▶ Given information
_____
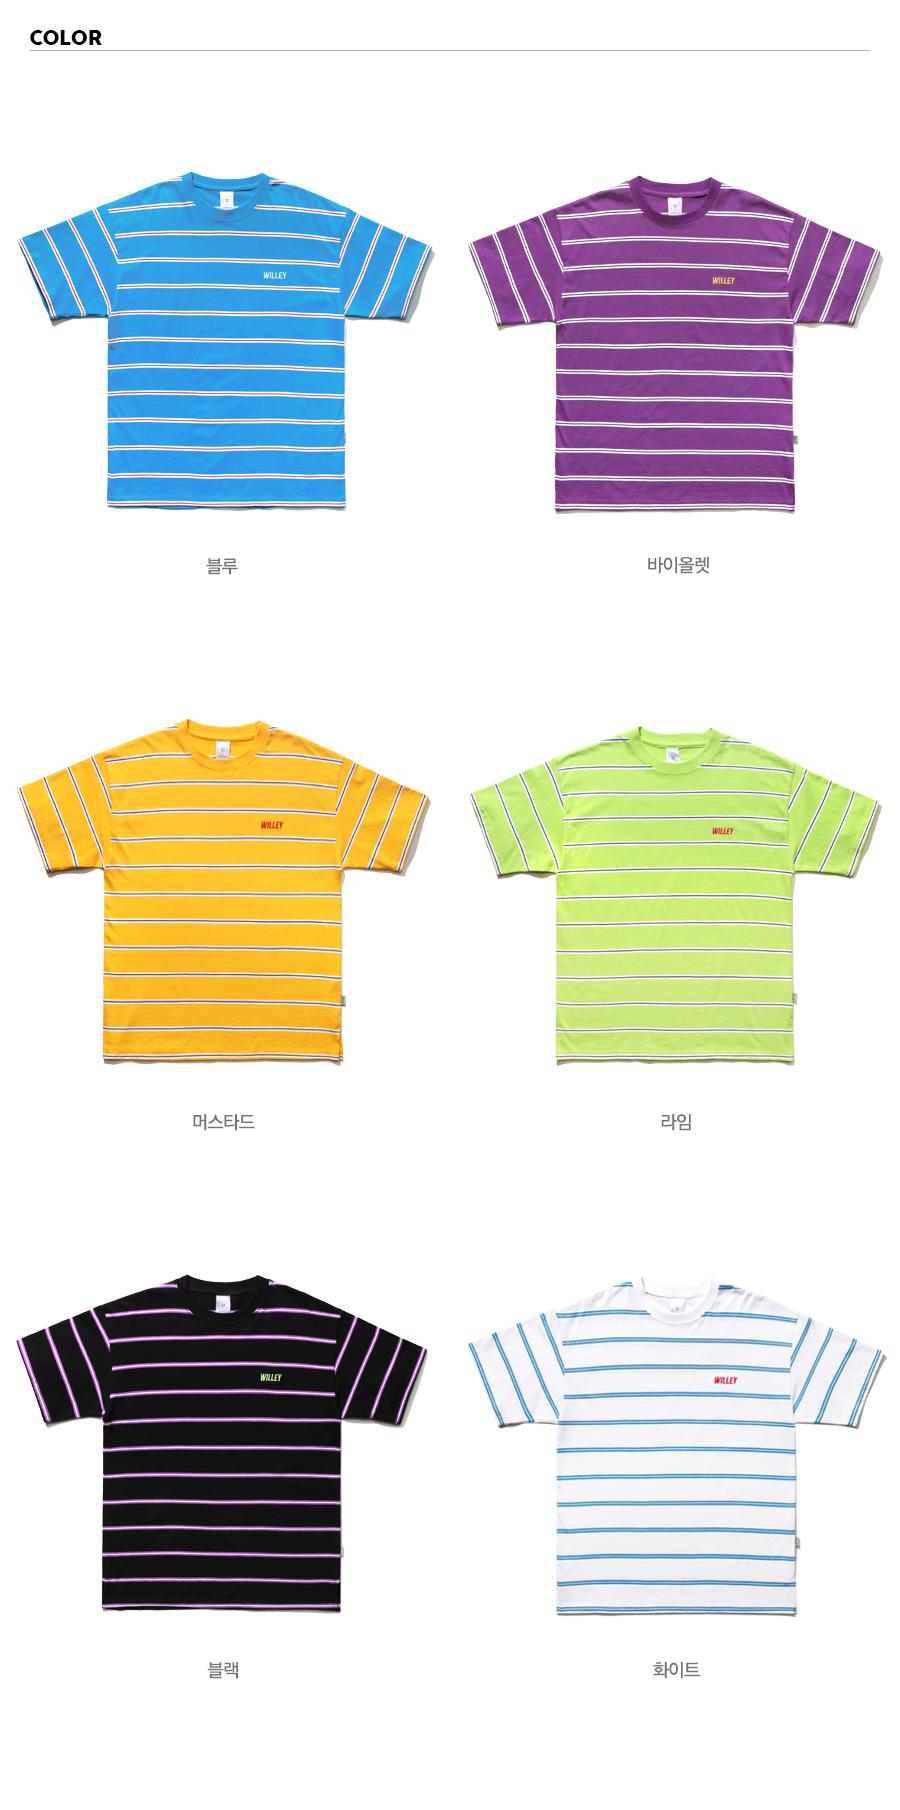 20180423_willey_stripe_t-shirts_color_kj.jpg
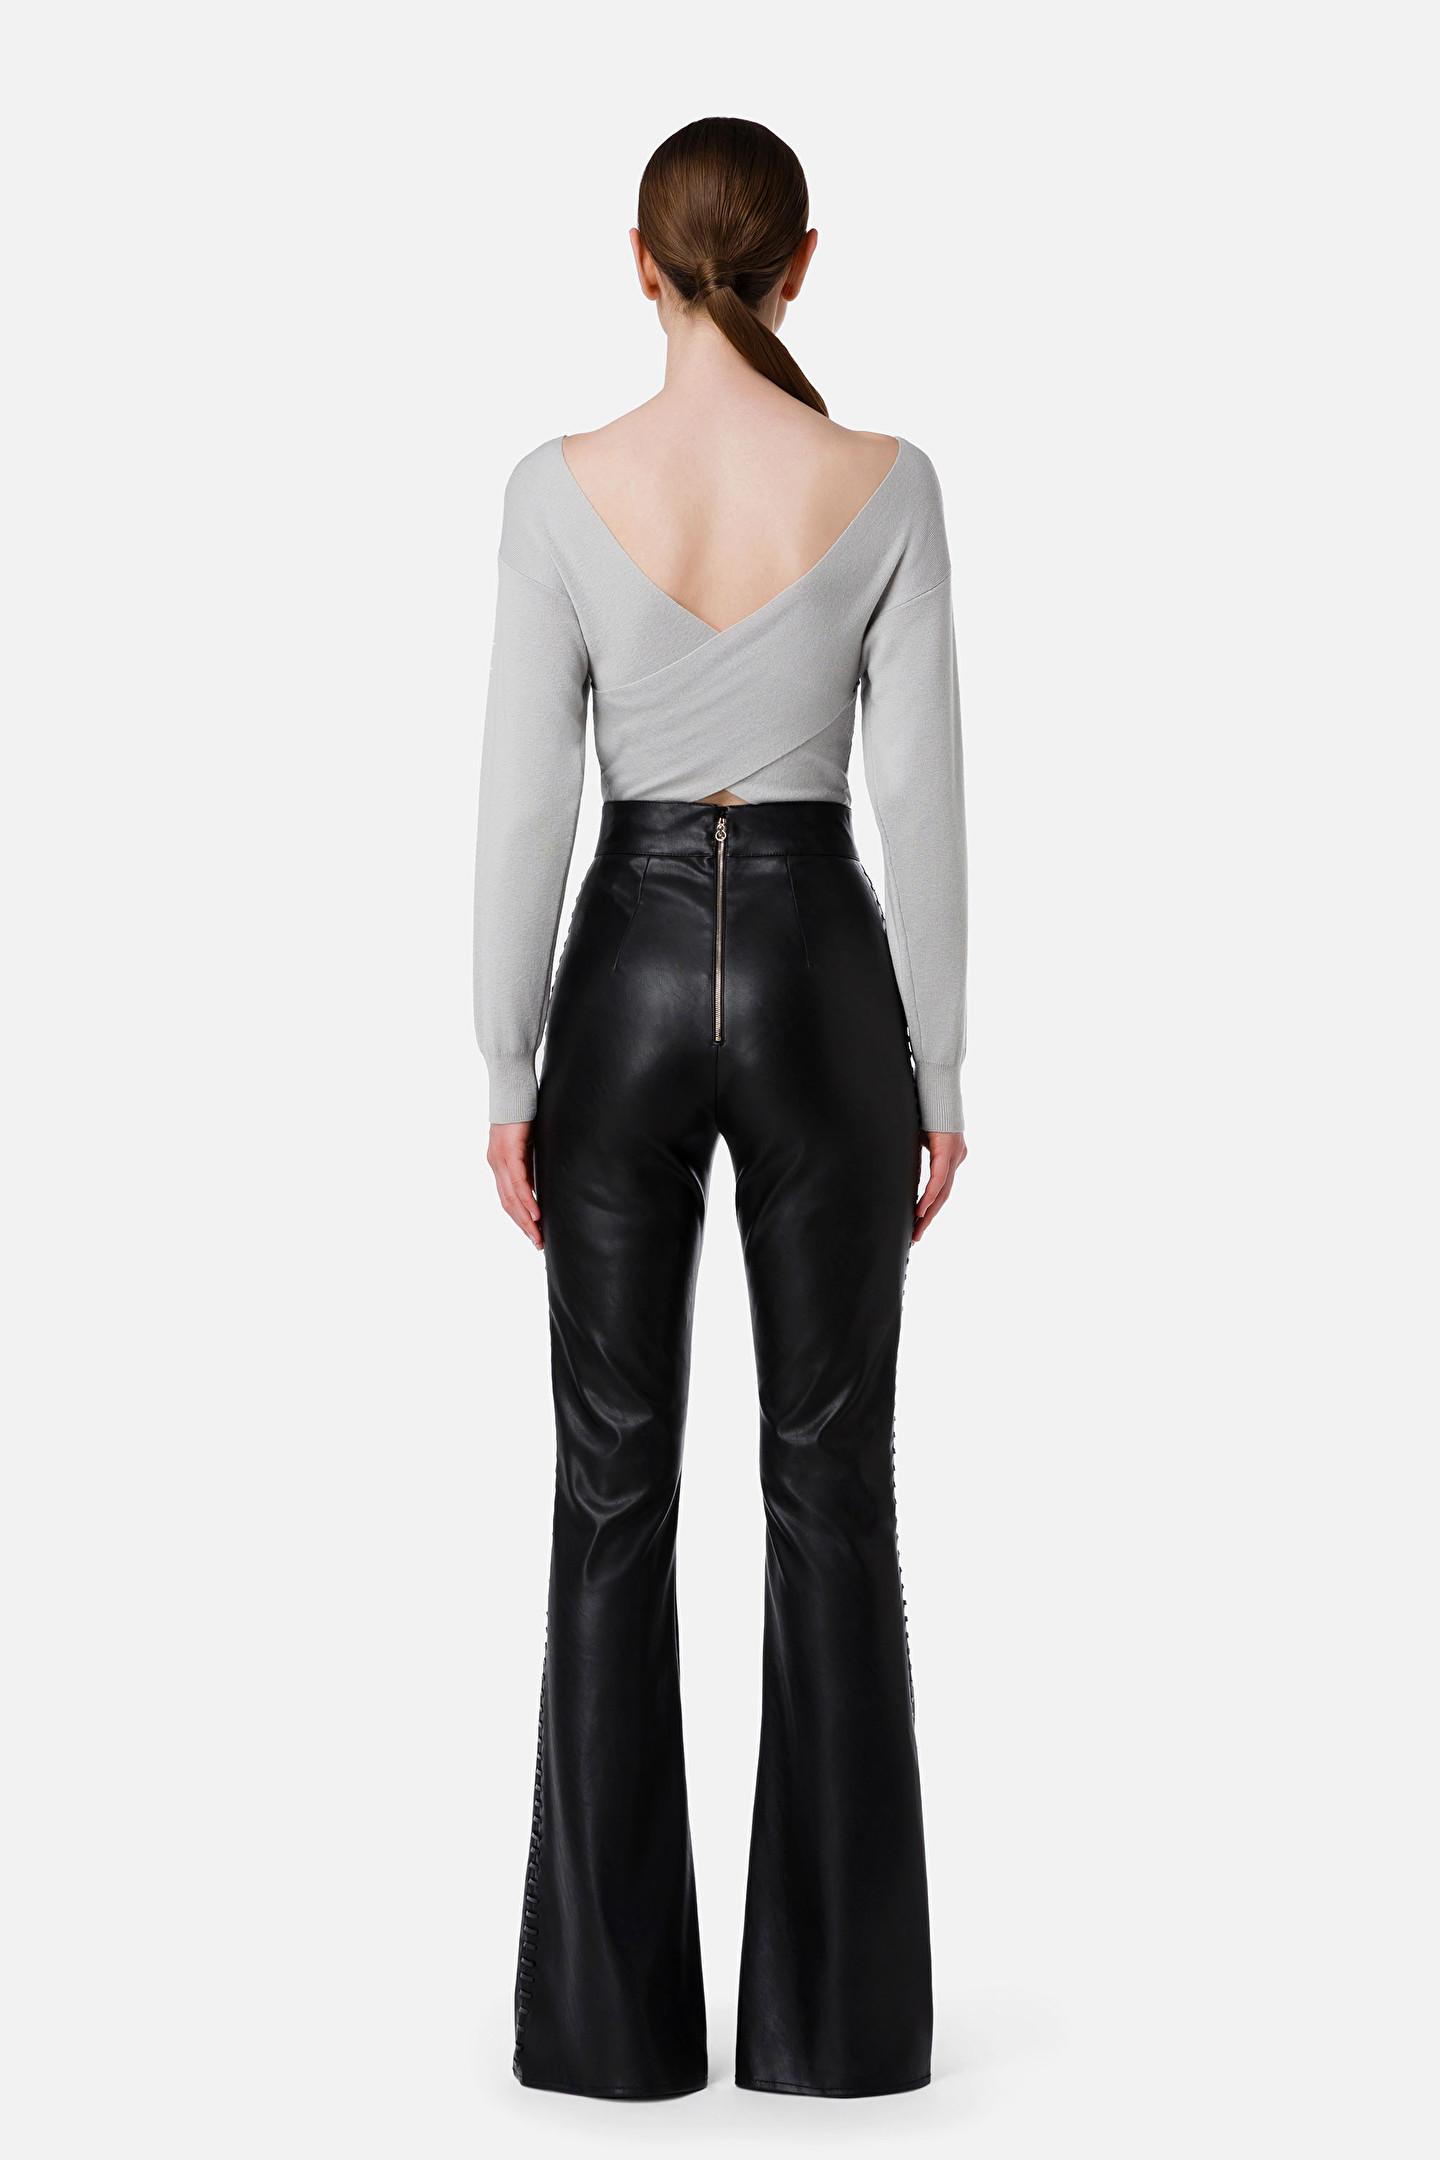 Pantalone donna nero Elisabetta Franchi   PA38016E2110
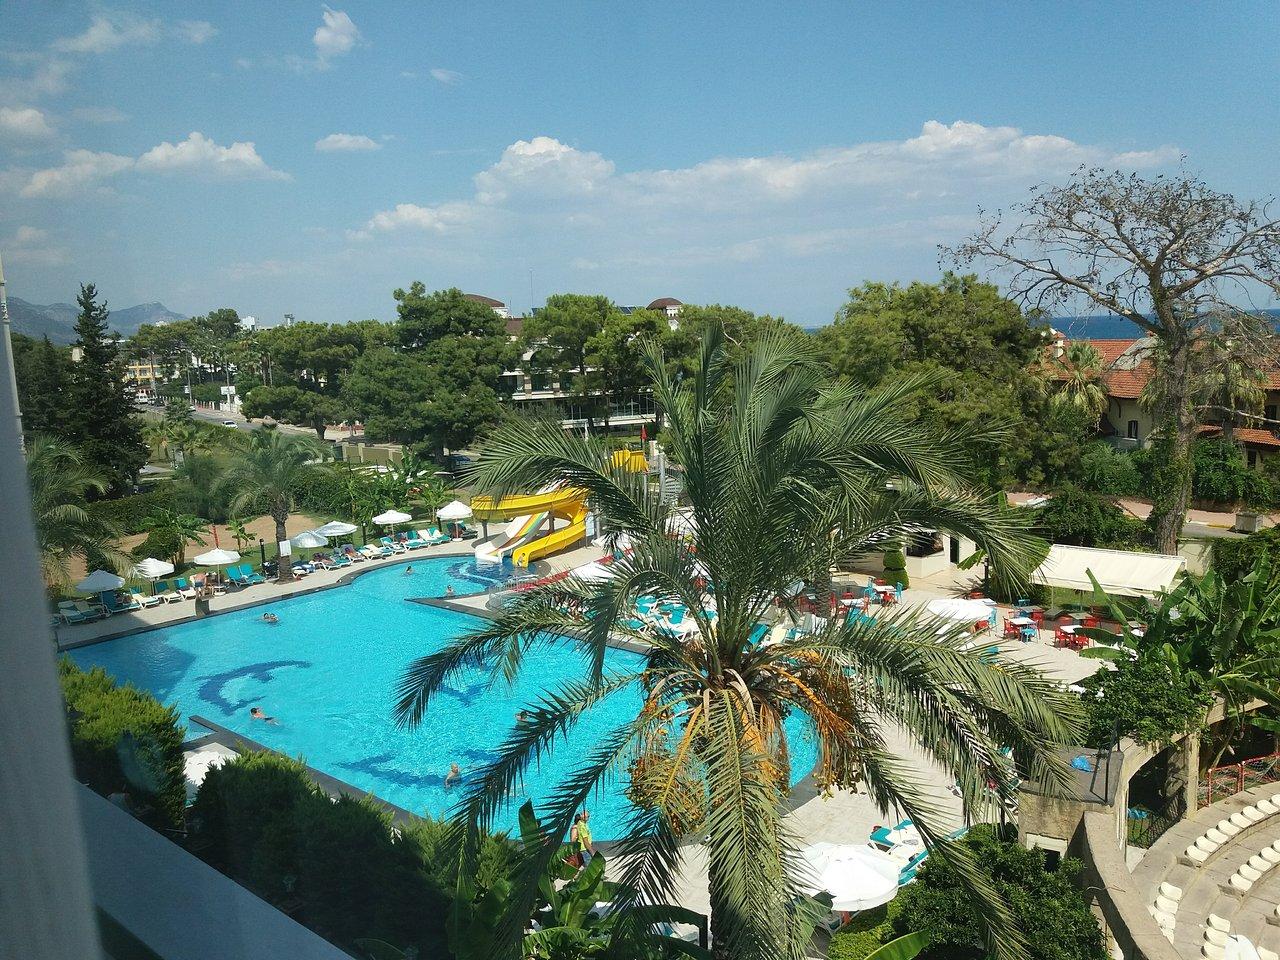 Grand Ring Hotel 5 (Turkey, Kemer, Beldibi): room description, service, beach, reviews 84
_____
▶ About this exercise
Output the data exactly as it is, with the pictures dropped.

▶ Response
 20180423_willey_stripe_t-shirts_color_kj.jpg
 Pantalone donna nero Elisabetta Franchi   PA38016E2110
 Grand Ring Hotel 5 (Turkey, Kemer, Beldibi): room description, service, beach, reviews 84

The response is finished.